ビジネスで車を使う人は多いです。給油代が高騰すると、それだけ経費を圧迫するので大変です。そうしたとき、ガソリン代が安くなる法人カードはないか探す人は多いです。

ガソリンスタンドとしては、エネオスが有名です。店舗数が非常に多いため、家や会社の近くにエネオスがある人は多いのではないでしょうか。

エネオスは法人カードを発行しており、これをエネオス ビジネスカードといいます。ガソリン代を浮かせることを考え、エネオス ガソリンカードへの入会を検討する人は多いです。

結論をいうと、エネオス ビジネスカードはデメリットが多いです。なぜ、そのようにいえるのか、エネオス ビジネスカードを給油で使うメリットやデメリットについて確認していきます。

カードはエネオス(ENOS)だけで利用できる

一般的なクレジットカードであると、買物を含めあらゆる支払いができます。一方でエネオス ビジネスカードはどうなのかというと、エネオスでの支払いだけに対応しています。
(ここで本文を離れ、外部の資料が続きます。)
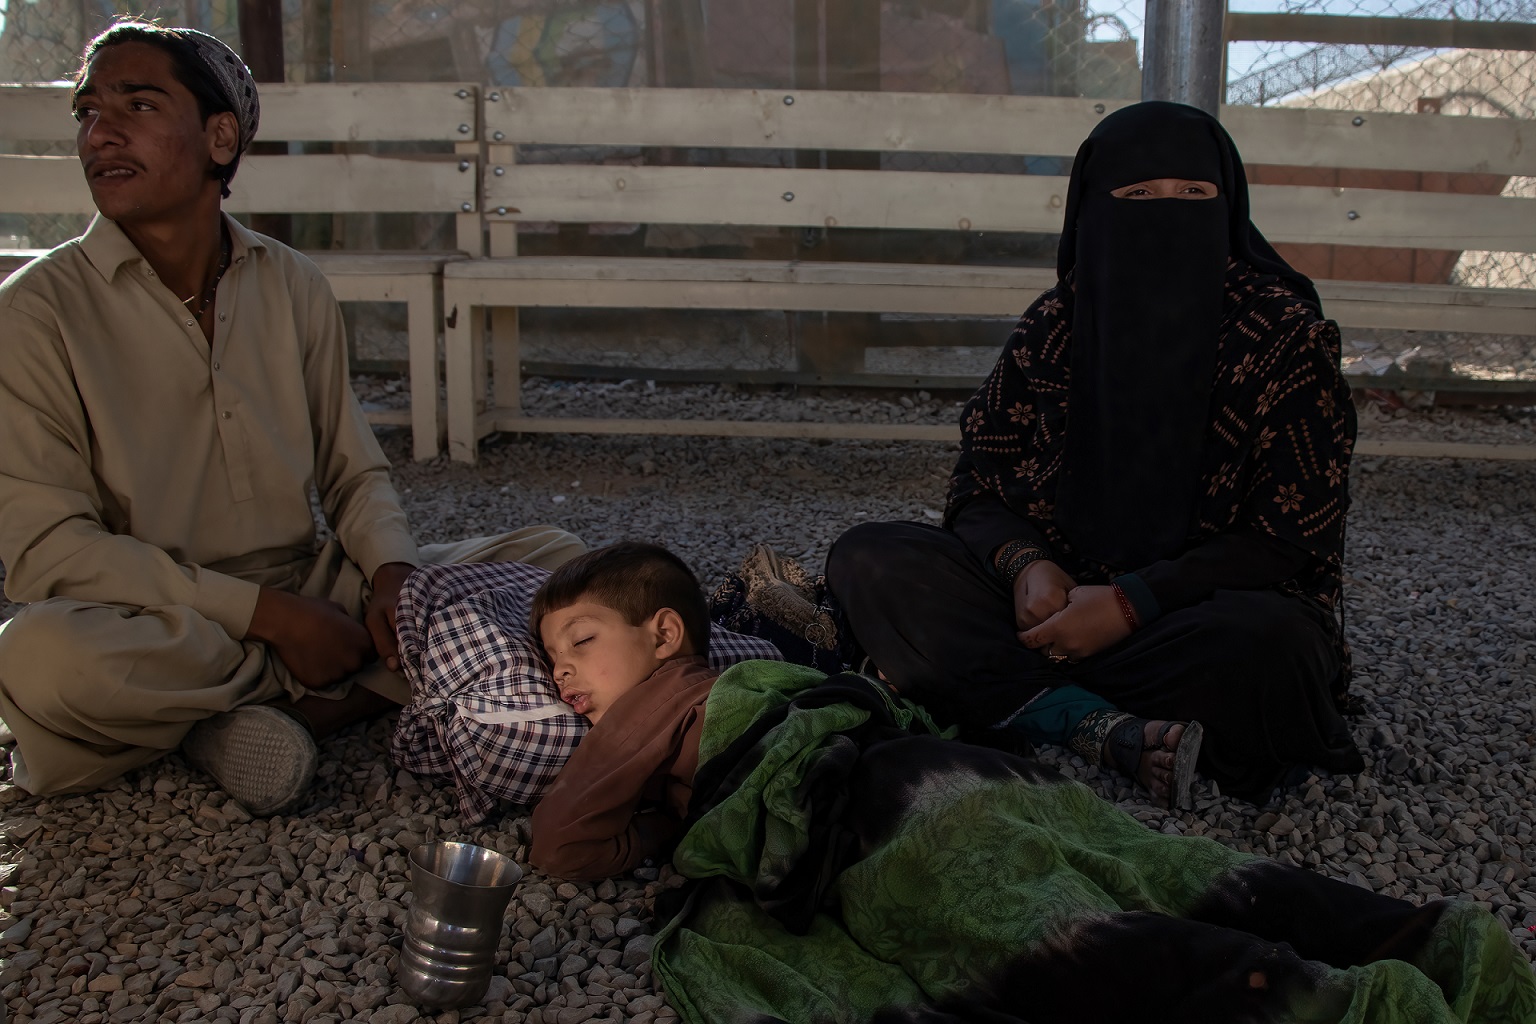 An Afghan family sitting outside. The kid is sleeping on pebbles.

エネオスのガソリンスタンドだけで支払いできる法人カードであり、これをハウスカードといいます。

カード会社については、トヨタファイナンスというトヨタ自動車の自動車販売金融を担っている部門が主に行うことになります。

法人カードは「エネオス ビジネスカード」という名前であり、エネオスガソリンスタンド内だけで利用できるようになっているものの、クレジットカードの仕組みはトヨタファイナンスのシステムを借りているようになります。

そのため、カードの紛失や磁気不良などによって再発行するとき、エネオスではなくトヨタファイナンスに連絡することになります。紛失・磁気不良などによる手続きをすることで、カードが再発行されるようになりますが、このときはトヨタファイナンスで24時間受け付けている「トヨタファイナンス紛失・盗難受付デスク」に電話するようにしましょう。
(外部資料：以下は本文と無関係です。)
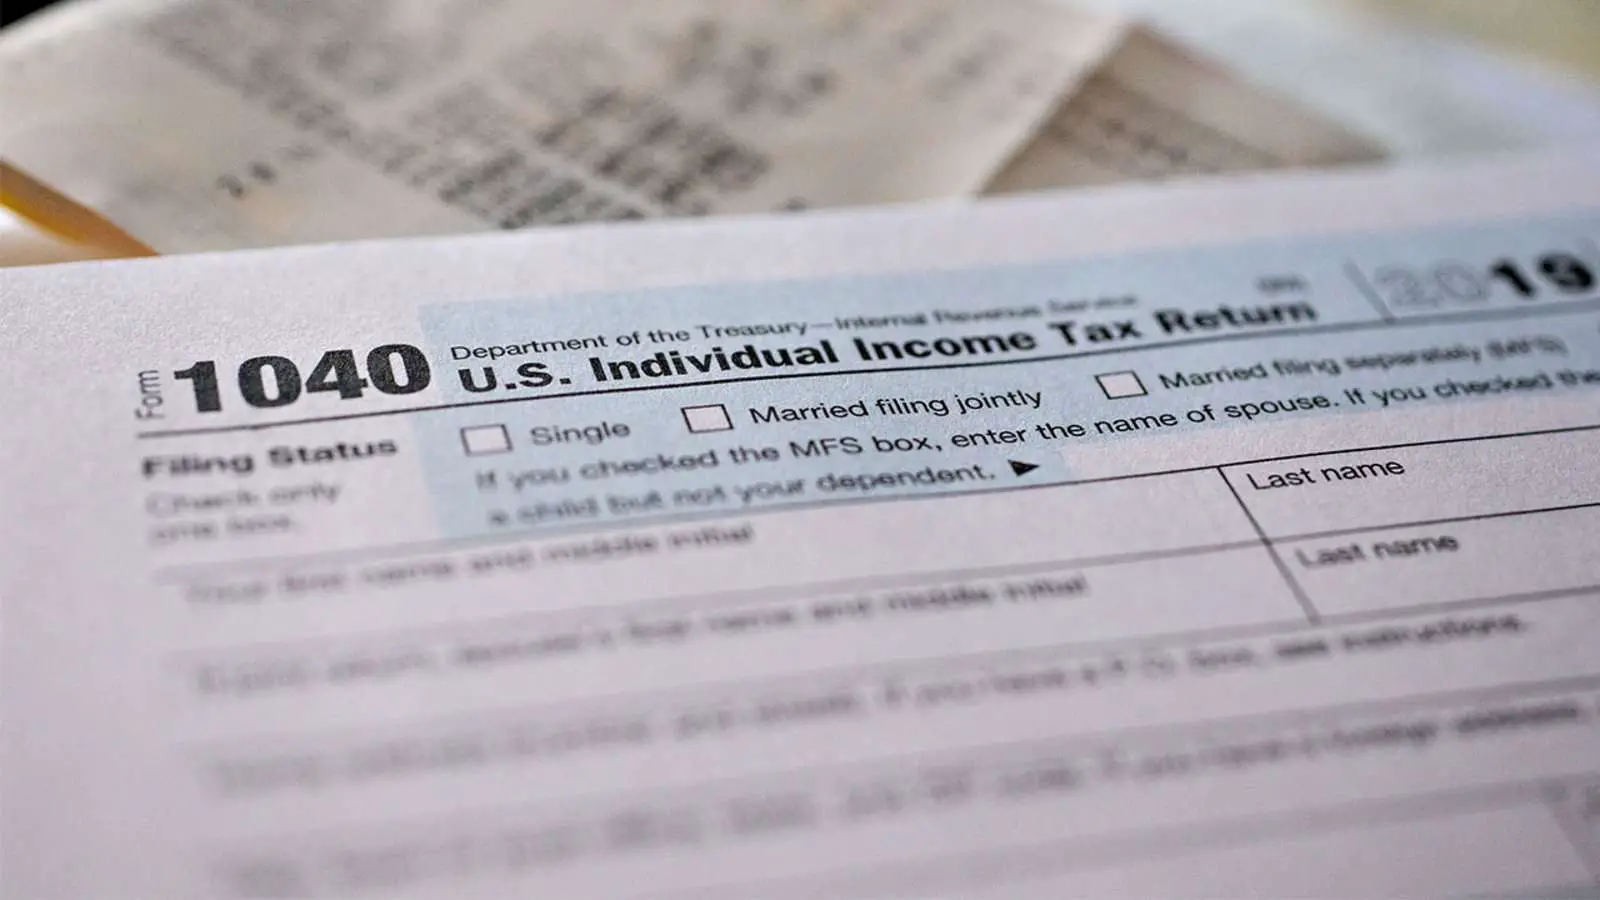 Taxes 2021: Tax filing season delayed until February, IRS ...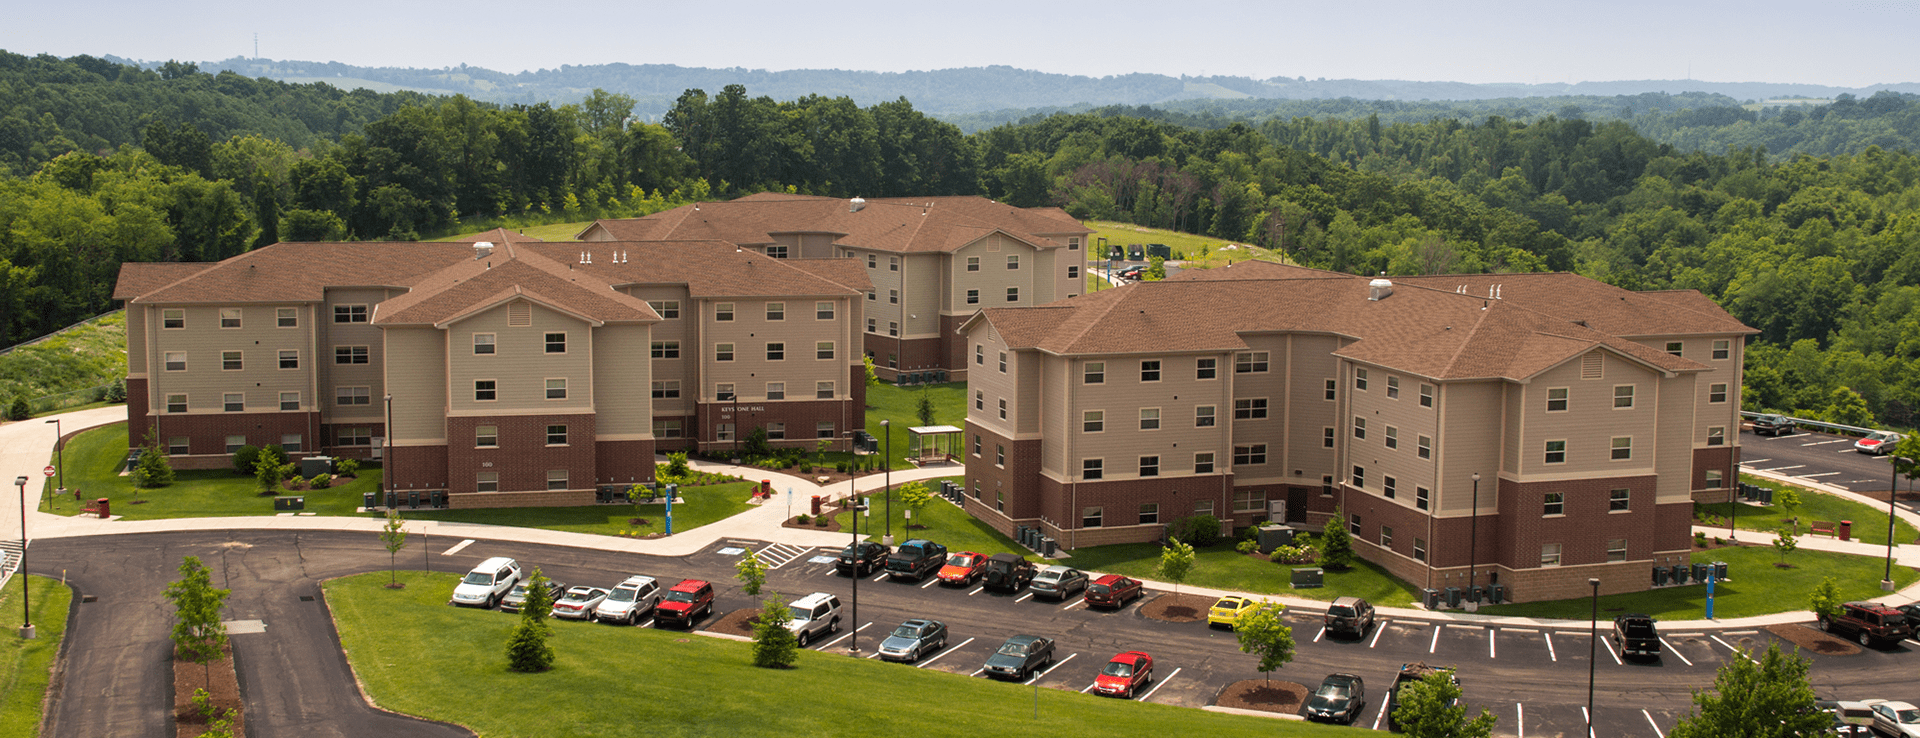 A photo of housing at  Pittsburgh Technical College.

それでは、エネオス ビジネスカードにはどのような特徴があるかというと、以下のようなものがあります。

年会費無料で発行できる

法人カードの中でも、エネオス ビジネスカードは入会金や年会費が必要ありません。これは、エネオスガソリンスタンドだけで利用できる法人カードになっているからです。

どのような買い物にでも利用できる法人カードの場合、審査は非常に厳しくなります。また、そうした法人カードで年会費無料のカードは非常に少ないです。
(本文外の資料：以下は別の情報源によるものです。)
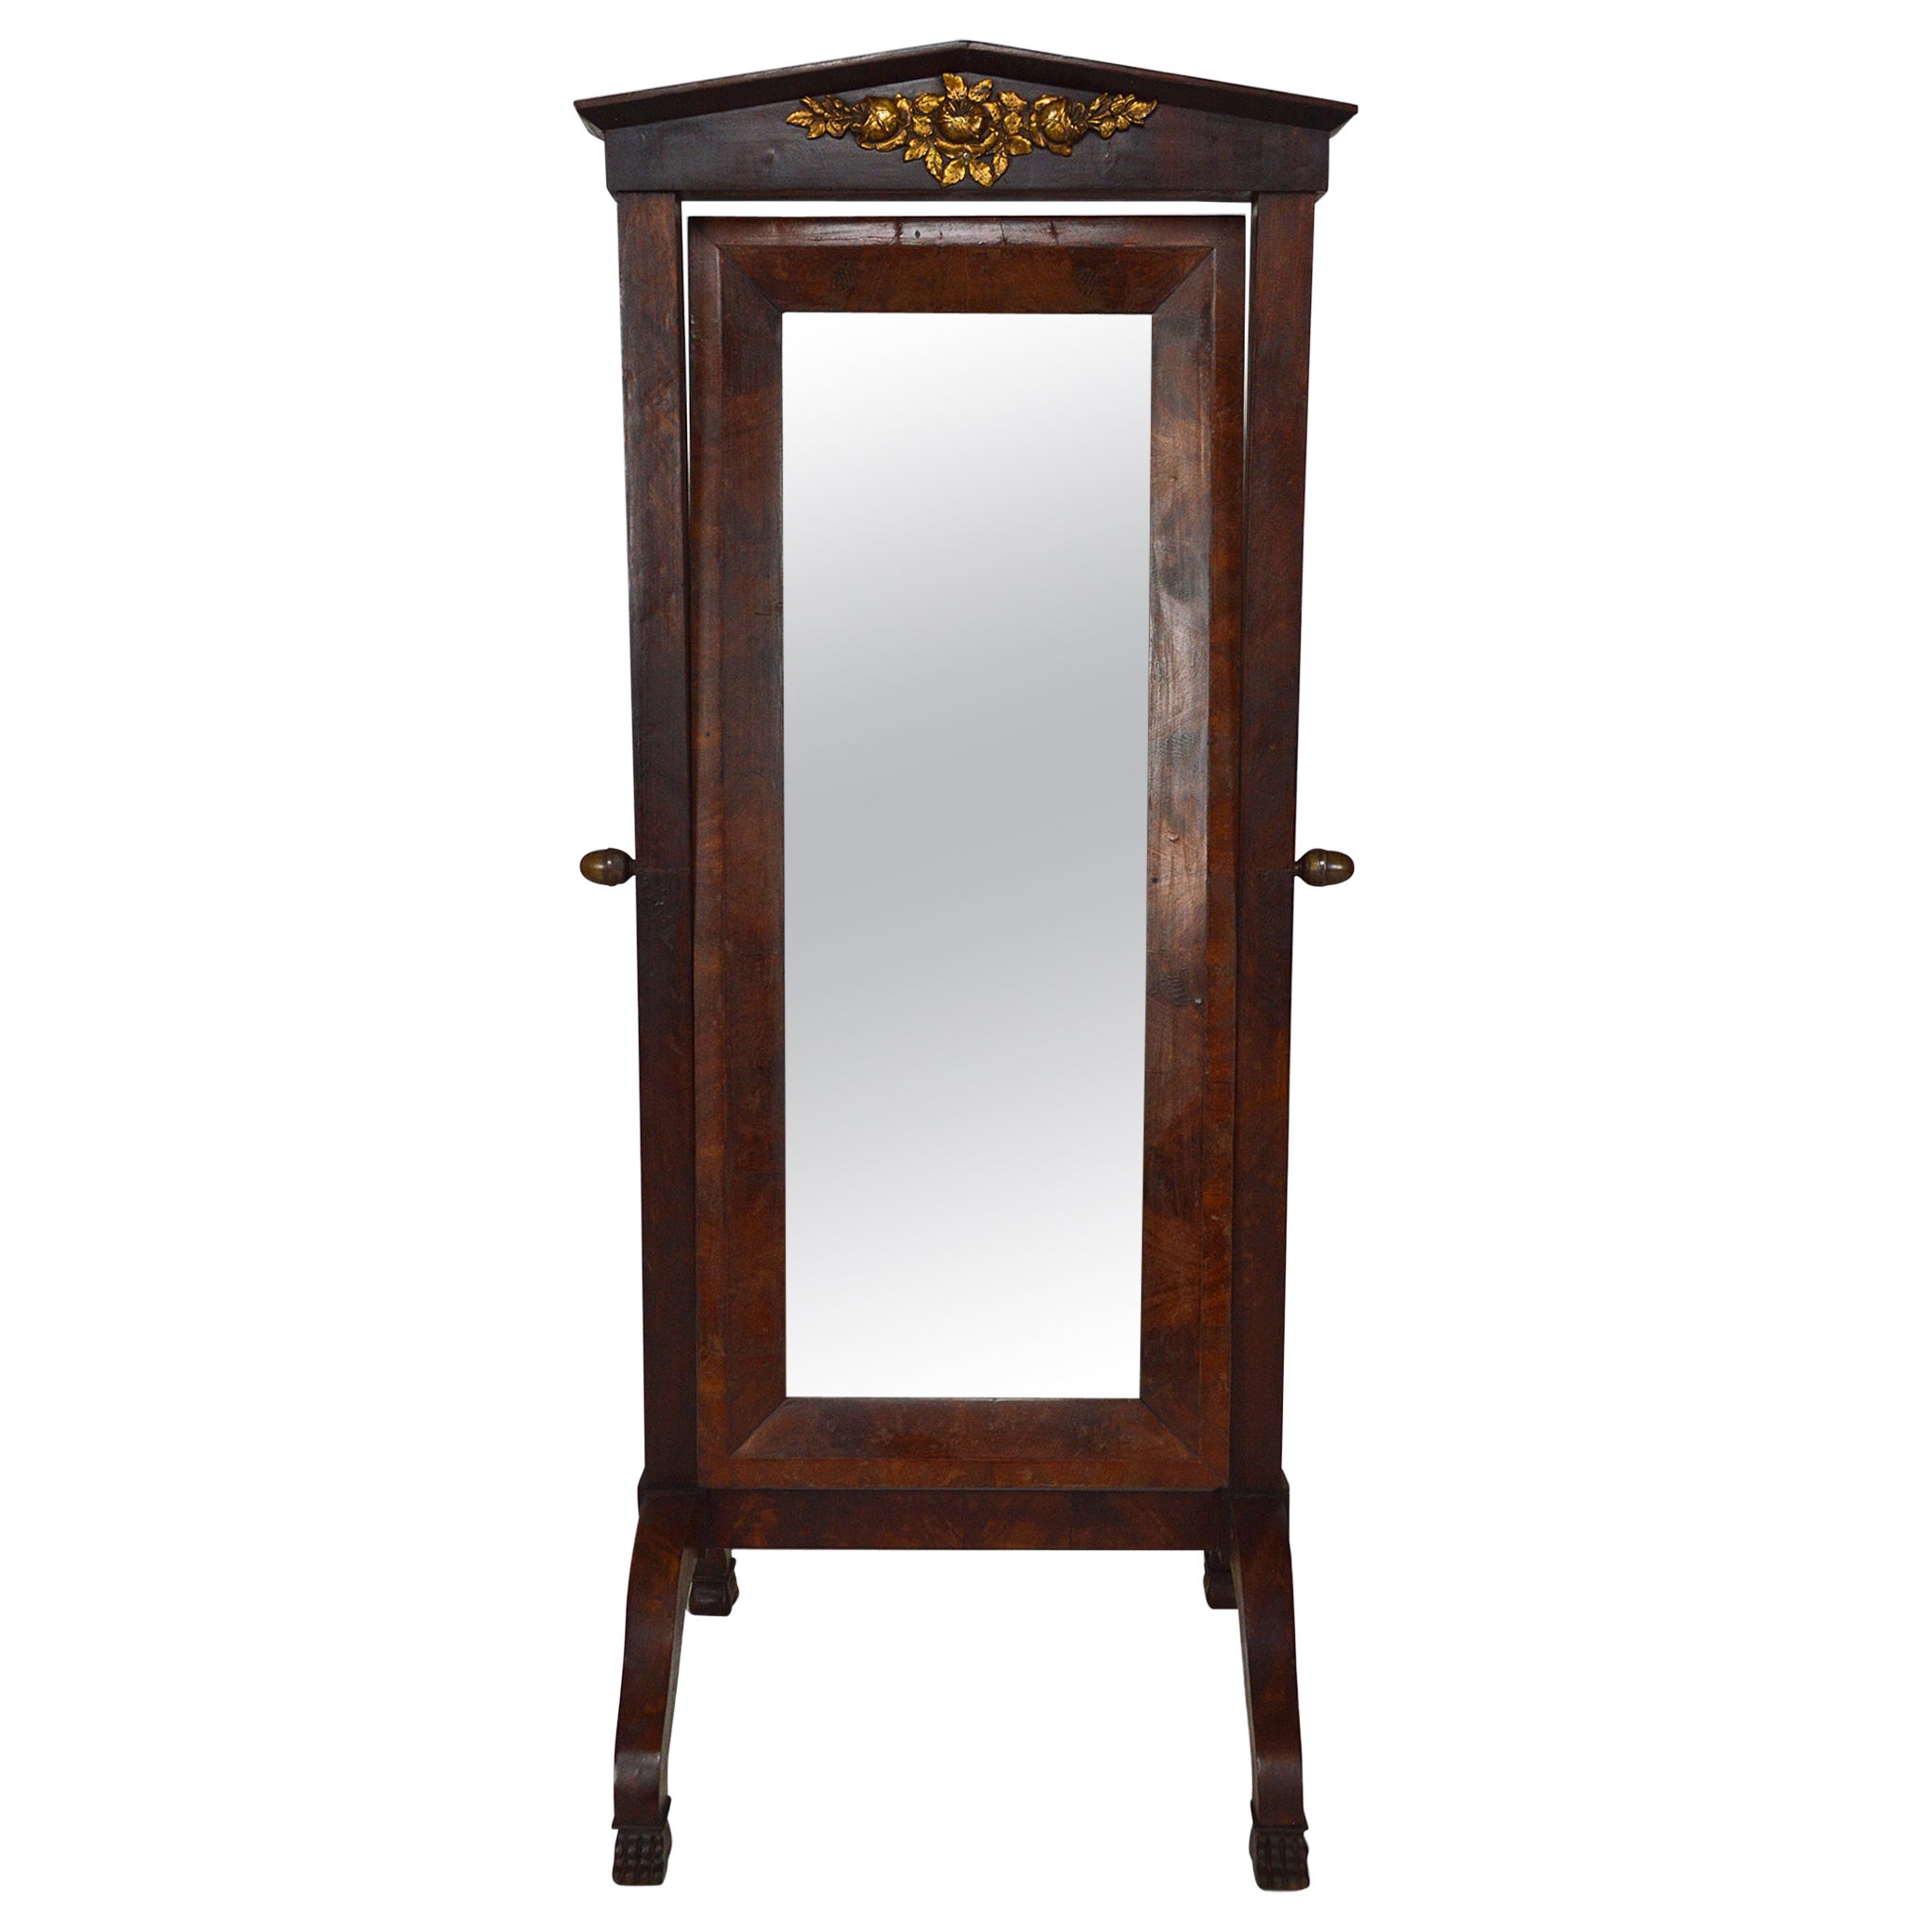 Empire Psyche Mirror in Mahogany, France, early 19th century For Sale

ただ、エネオスガソリンスタンド内だけの利用であれば、たとえ入会金や年会費が無料であったとしても支払い額は少ないですし、法人カードを利用することによるメリットを提供すれば顧客の囲い込みをすることができます。

こうした理由から、年会費無料で発行できるようにしているのです。

なお、エネオスガソリンスタンド内で提供しているサービスならどれでも申し込むことが可能のため、ガソリンだけでなく灯油代や洗車代まで支払うことができます。

ガソリン・軽油を契約価格で購入できる

エネオス ビジネスカードを発行するとき、入会したSS(サービスステーション:給油所)と取り決めをして、契約価格を決定します。

このとき、全国のガソリンスタンドで契約価格にて給油することができます。

ただし、高速道路のSS(サービスステーション)を利用したときは対象外になり、高速道路の給油所特有の高いガソリン代が適応されます。

また、免税ガソリンや免税軽油は契約の対象外になります。他にも、灯油や洗車など、ガソリン・軽油以外の商品は契約価格の対象外になることを理解しなければいけません。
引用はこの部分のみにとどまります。